Senate Bill 52 protects consumers’ rights while creating a regulatory structure

JUNEAU-Today, the Alaska State Legislature passed legislation to regulate the portable electronics insurance market while providing significant consumer protections.   Senate Bill 52, sponsored by Senator Coghill, R-North Pole, creates a licensing system for retailers who sell portable electronic devices and insurance, defines disclosure requirements regarding insurance coverage, and requires training for salespeople offering the insurance.

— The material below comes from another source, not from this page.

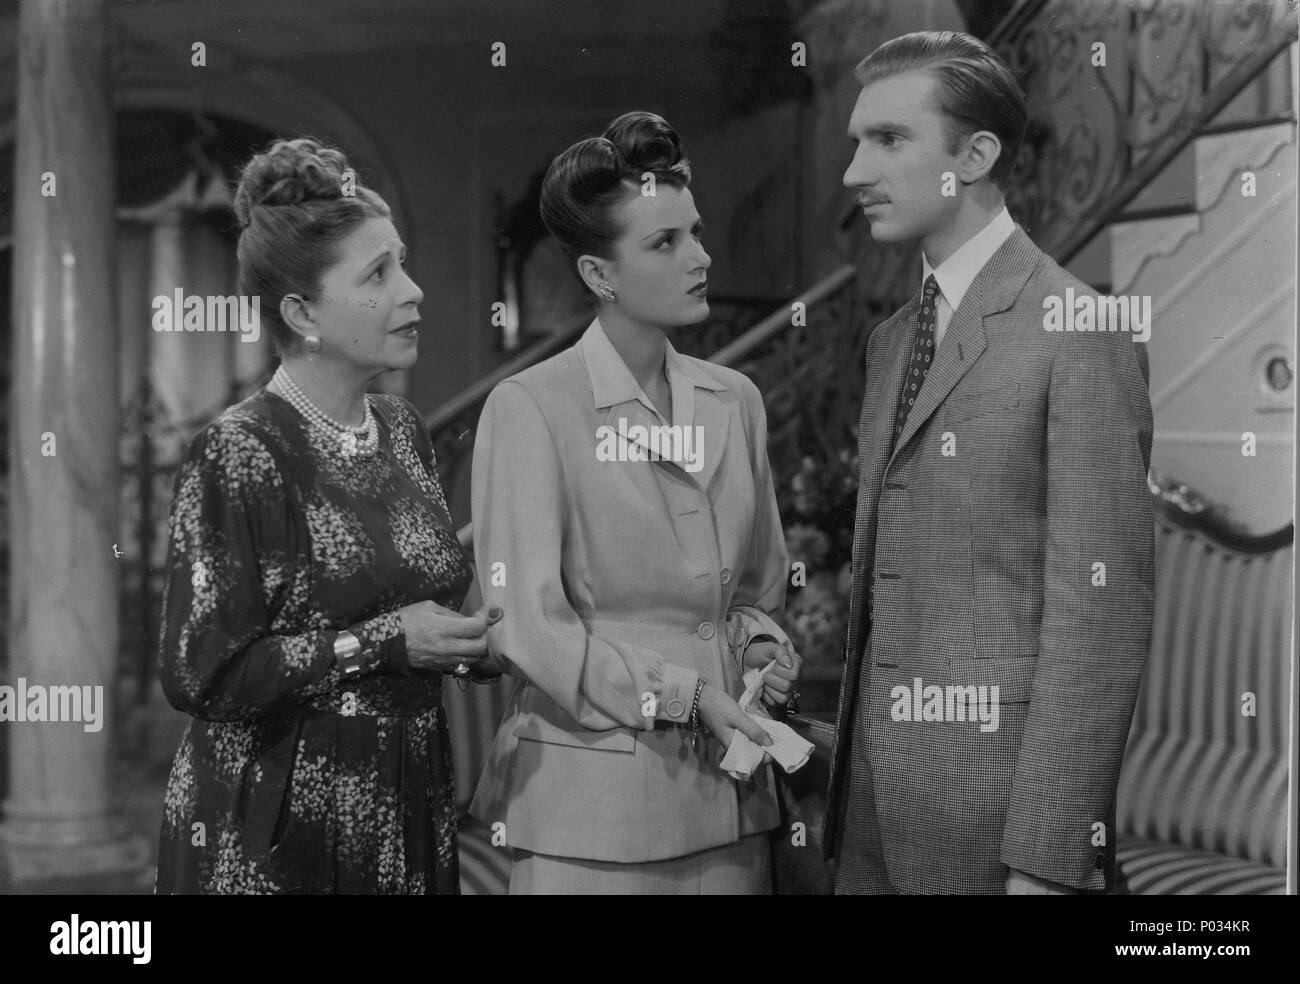 Original Film Title: ES PELIGROSO ASOMARSE AL EXTERIOR.  English Title: ES PELIGROSO ASOMARSE AL EXTERIOR.  Film Director: ALEJANDRO ULLOA.  Year: 1946.  Stars: FERNANDO FERNAN GOMEZ; ANA MARIA CAMPOY; GUADALUPE SAMPEDRO. Stock Photo

“Right now, we have a chaotic market for portable electronic insurance because customers buy the insurance at the same time they buy the electronic devices from retailers who are not usually in the insurance business,” said Senator Coghill.  “Senate Bill 52 strikes an effective balance between the interests of consumers and industry by creating a regulatory structure and requiring full disclosure.”

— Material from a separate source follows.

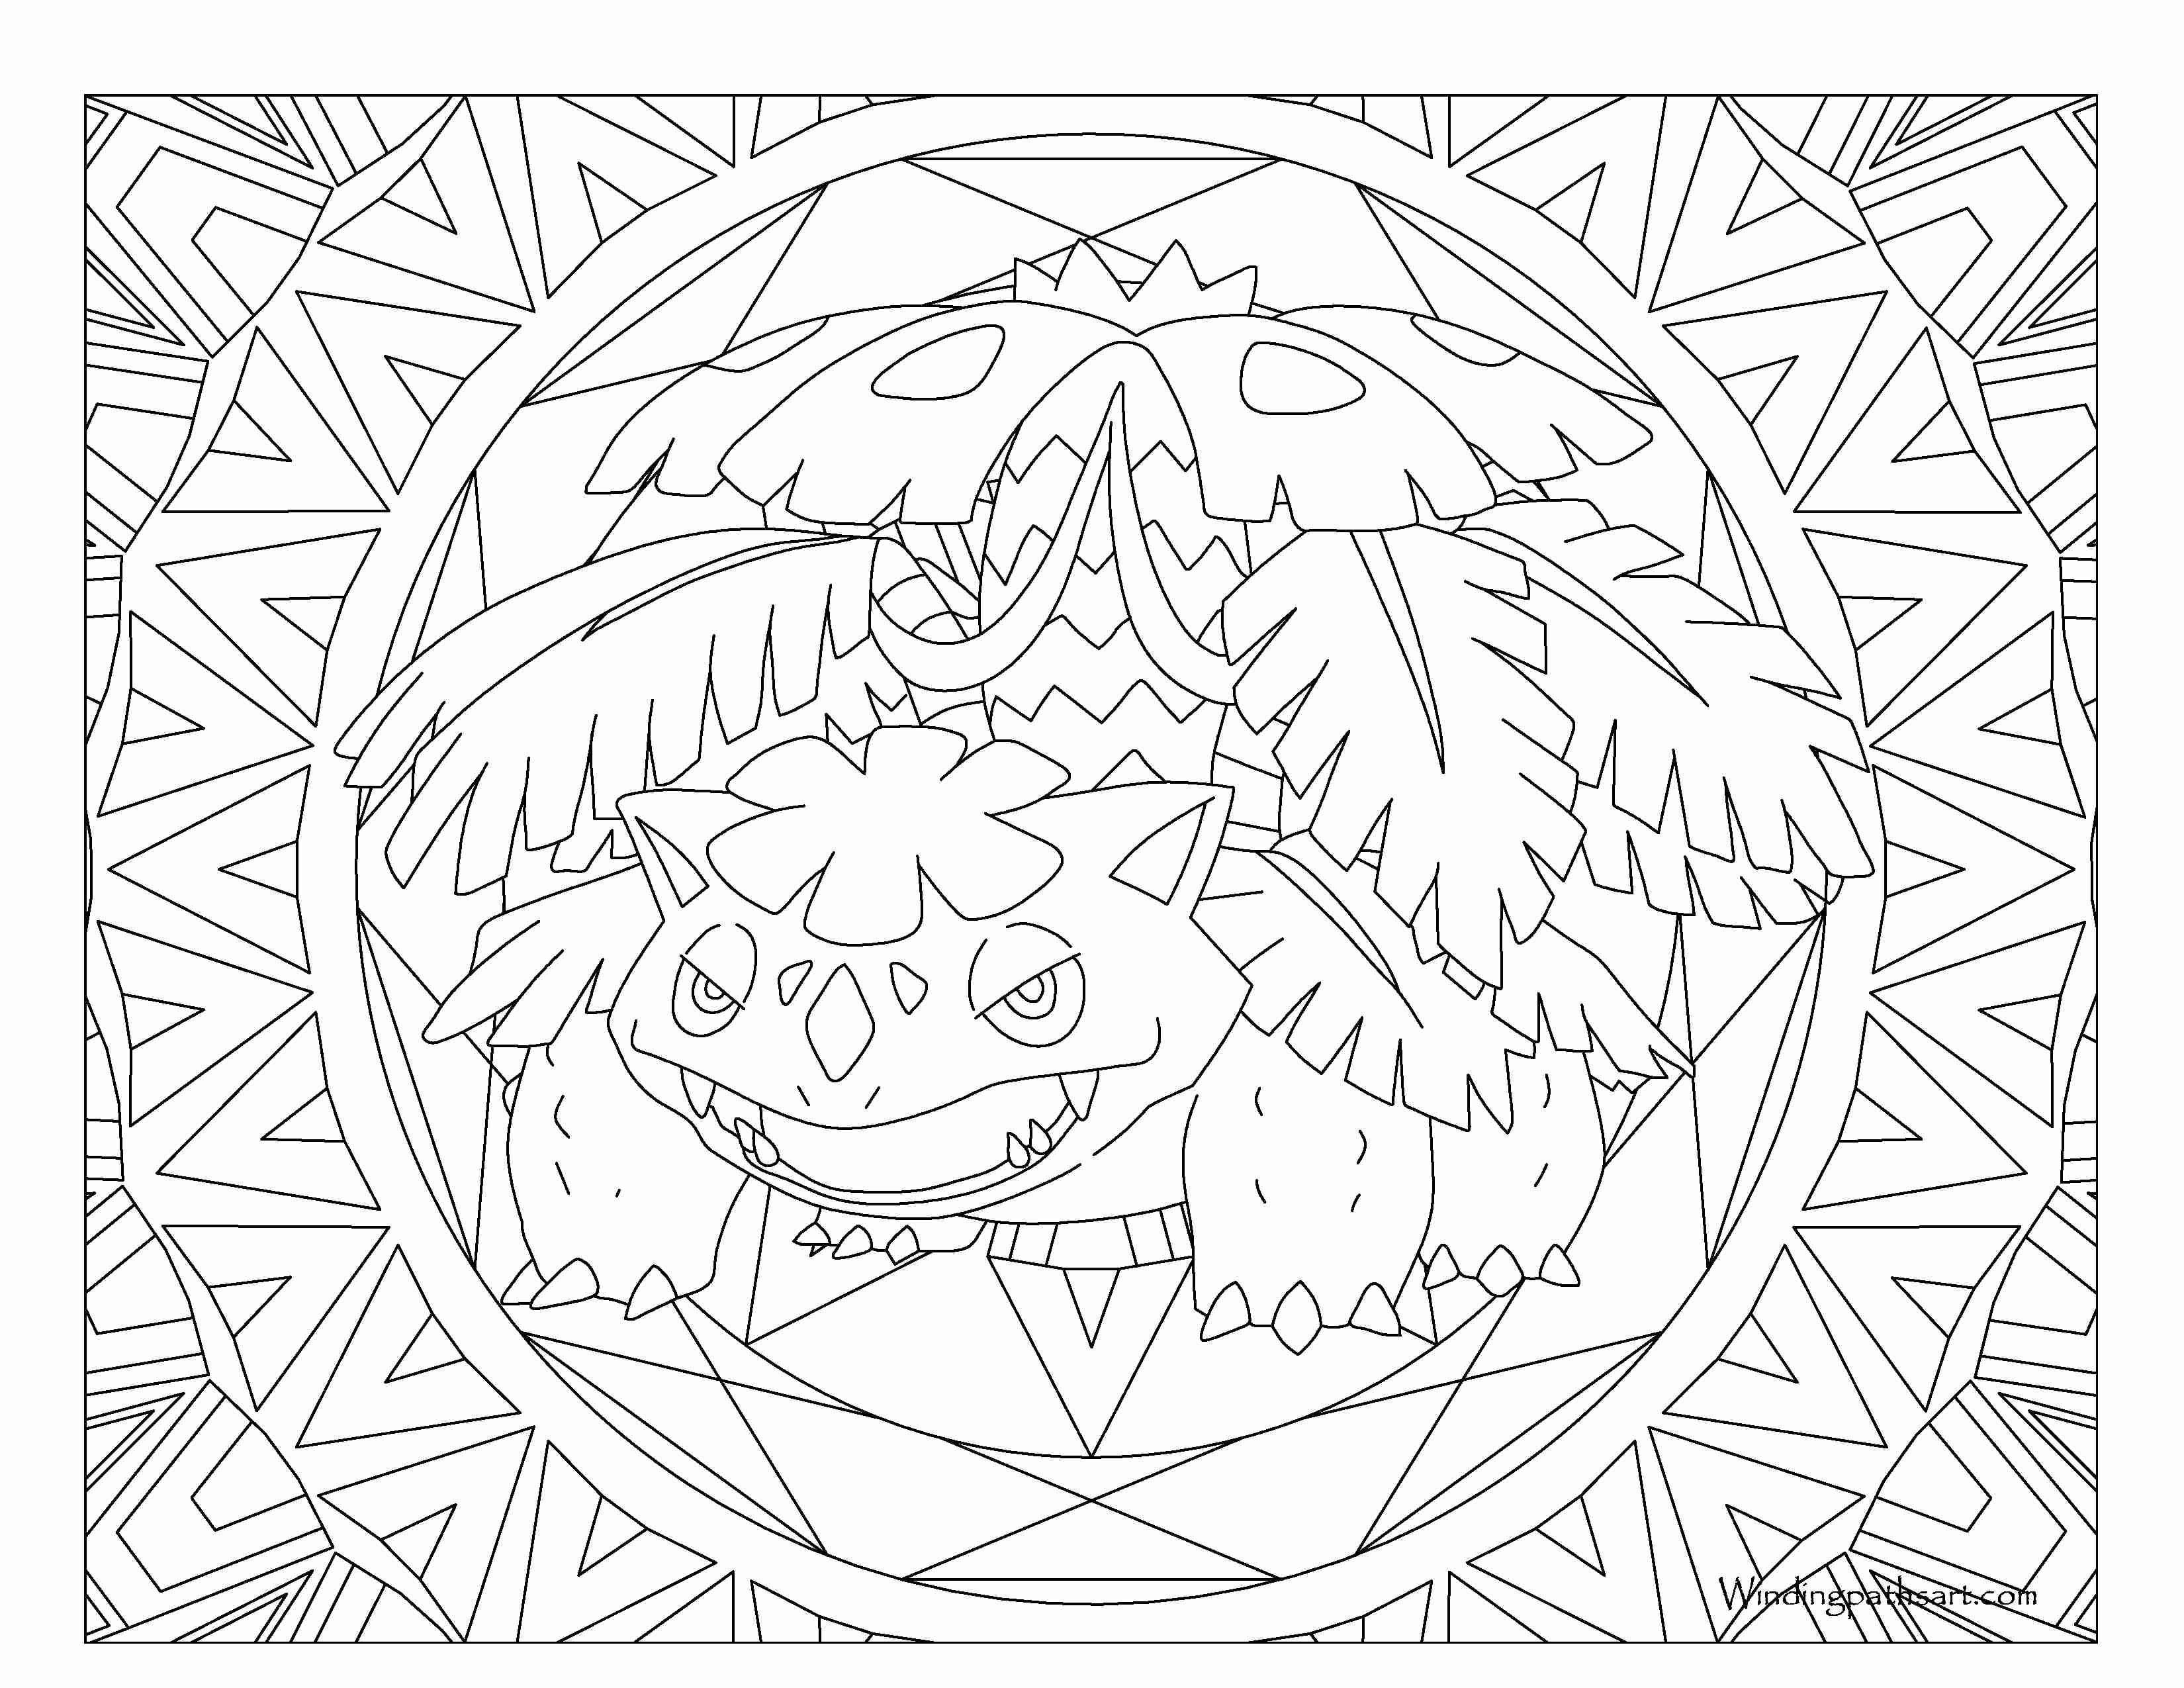 3300x2550 Venusaur Pokemon Coloring Page Windingpathsart Com Noticeable

Senate Bill 52 lists the materials that must be presented to the consumer in writing, defines the procedure for changing the terms of the insurance, specifies what’s needed to terminate the insurance, and clarifies the types of devices that can be covered under portable electronics.   Under Senate Bill 52, the Director of the Division of Insurance can issue a limited producer license that covers a retailer and all its employees within Alaska.  

“Portable electronics are becoming more and more a part of our lives and it is imperative we make sure the same consumer protections apply to the insurance of these critical lifelines as any other products that are insured,” said Senator Coghill.

“Whether it’s a cell phone, a tablet, or a laptop computer, chances are that electronic device is critical part of your lifestyle,” said Senator Coghill.  “That’s why it is important for us to make sure these insurance policies are reputable and serve the best interests of Alaskans.”

Similar legislation has been enacted in 43 other states. 

Senate Bill 52 now heads to Governor Sean Parnell for his signature.  If signed, the law will take effect on January 1, 2014.